Chowhound is a weekly column about what’s trending in Detroit food culture. Tips: [email protected].
Any gift given has some thought behind it. Choosing one for someone is part expression of how we see ourselves in the relationship. That’s the trick when it comes to presents: finding the right ones to communicate connection. No wonder we get so wrapped up in them come Christmas.
The Aunt Mary I’ve written bits and pieces about these past four weeks is soon to celebrate her 101st birthday. For nearly 62 of those years, she’s been there for me: a mother figure for sure who’s more than filled-in, seeing me through and teaching a thing or two while demonstrating how she saw her role in my life. Taking countless occasions to let me know where things stood in my upbringing, she never gave me a gift that wasn’t practical by intent. There were stacks of books she and Uncle Harry bought me: encyclopedias, dictionaries, world history, geography, and such. Some stayed at their house, where I often did. Then they bought me a desk for my room at Aunt Helen’s house, where I’d sit and sift through a world of words and pictures. After that came a tool box — Craftsman, from Sears — which they steadily filled with things they said I’d need when the time came for a young man to make some of his own repairs and adjustments in life. By the time I left for college, Aunt Mary — now widowed and working in housekeeping at the local country club — had added an alarm clock radio and a late ’70s model panini press to further furnish me with what I’d need to get out of bed and stay fed at Ferris State. Along every step and misstep of my way through boyhood and beyond, her gifts were intended to get and keep me going in the right direction. For the record, most — the grilled cheese sandwich maker, certainly — were put to good use. As to that alarm clock, not so much.
Above and beyond all else, though, was that big box which came to me on Christmas Eve when I was ten. The second it arrived tagged with my name, I started imagining something special inside. Crazy curious to glean some weight-and-rattle clues to its contents, I instantly offered to carry it off into the corner by the tree.
“Uncle Harry can set it down there,” Aunt Mary chuckled at my just-trying-to-be-helpful ruse. From that moment and for the two maddening hours that ensued, it was all I could do to maintain some kid-at-Christmas composure as wild what-ifs about my gift drove me to the brink of impatient, present-opening insanity. During dinner, I stared at the box. While personally considering a German Shepard pup as the most perfectly practical gift of companionship anyone could have presented me then, a lack of air holes punched in the packaging seemed to preclude that possibility. Leaving my chair after dessert, I took the long way out from around the table, creating a chance to brush the box with my leg and gauge its resistance. Most of the best things I could think of were made with hard metal and plastic parts: 1,000-piece erector sets, catcher’s equipment, bikes in need of assembly, and such. When the box moved easily and soundlessly over after I applied the slightest and slyest pressure against it, it left me only more confused. There was no way it weighed or was noisy enough to be any of those things.

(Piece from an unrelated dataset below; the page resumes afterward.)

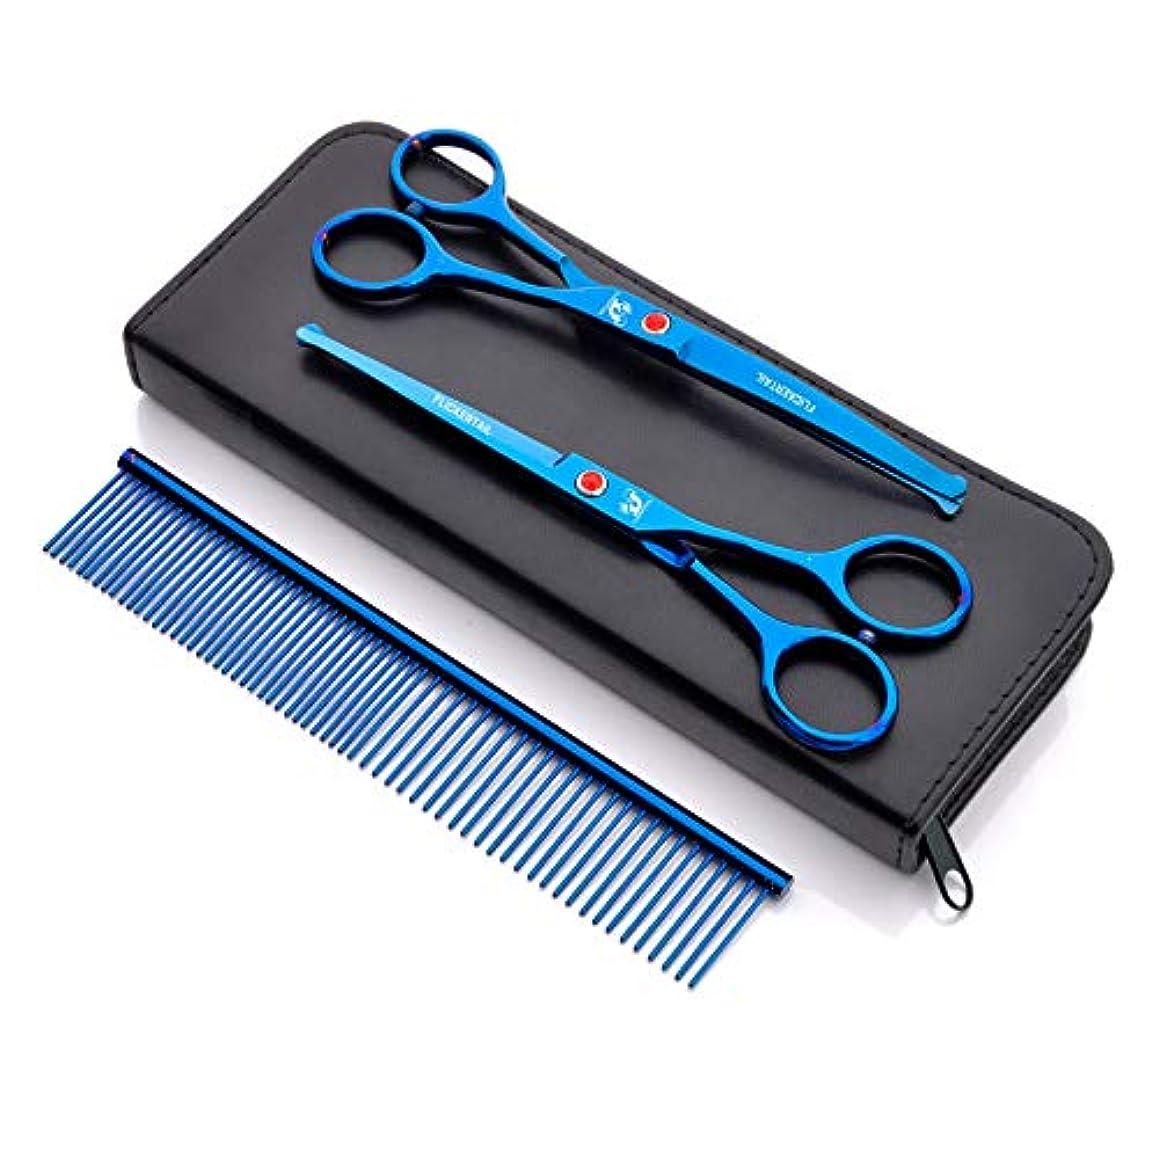 気絶させるプライバシーフレームワークラウンドヘッドペットの髪カットはさみ、プロのペットグルーミング精密安全はさみセット、ペットショップや個々のユーザーに適して,Blue

My mind boggled.
Finally getting the go-ahead to play Santa and pass out presents, I felt fairly frantic.
“Here you go, Grandma,” I dispensed with everyone else’s particulars post-haste. “And this one’s for you, cousin. And you. And you.”
Then it was me time. I ran to my pile of presents, ripping open all the others — none of which I now remember — while my mother stood by, ever-ready to remind me to say thank you. At last, only the big box remained. I tore in. Stopping the second I saw what lay inside, I couldn’t hide my utter disappointment. I dropped next to the box — its contents untouched — and cried.
It was a big, red, white, and blue crocheted blanket.
In hindsight, I see how my Aunt Mary’s feelings might well have been sorely hurt by my reaction. If they were, she didn’t show it. Instead, she walked calmly over, lifted me to my feet, held me close, and explained things.
“Listen, Bobby. Maybe you were expecting something different. Maybe a toy would have made you happier for a week or month until it breaks or you get tired of it. But this you’ll have for a long time. May it keep you warm, your children, and maybe even their children one day.”
Now, if you’ll allow me a word and one wish:
To my Aunt Mary — happy 101st birthday. As you know, your words proved prophetic. That blanket’s traveled with me all this time. When I packed it up to take it Out West, I wondered if I’d need it in the Arizona desert. But true to its construct, it was a comfort wherever and whenever I felt out in the cold over the course of more than four decades. And you were right: my two children have reveled in its warmth as well over those years, as do two grandsons of mine these days, who’ve fallen asleep tucked under it as I’ve sat babysitting them moved and utterly amazed by a loving gift that’s continued to give me and mine so much.
Just know, you taught me thoughtful gift-giving, among so many other things. In recent years, I’ve had two Afghans made for my kids and their children. May they speak as enduringly of my love for them as yours has to me. I love you beyond words and too few opportunities I’ve taken to tell you that.
And to all of you, Merry Christmas. Whenever and whatever you give, give with heart. Those are the real goods.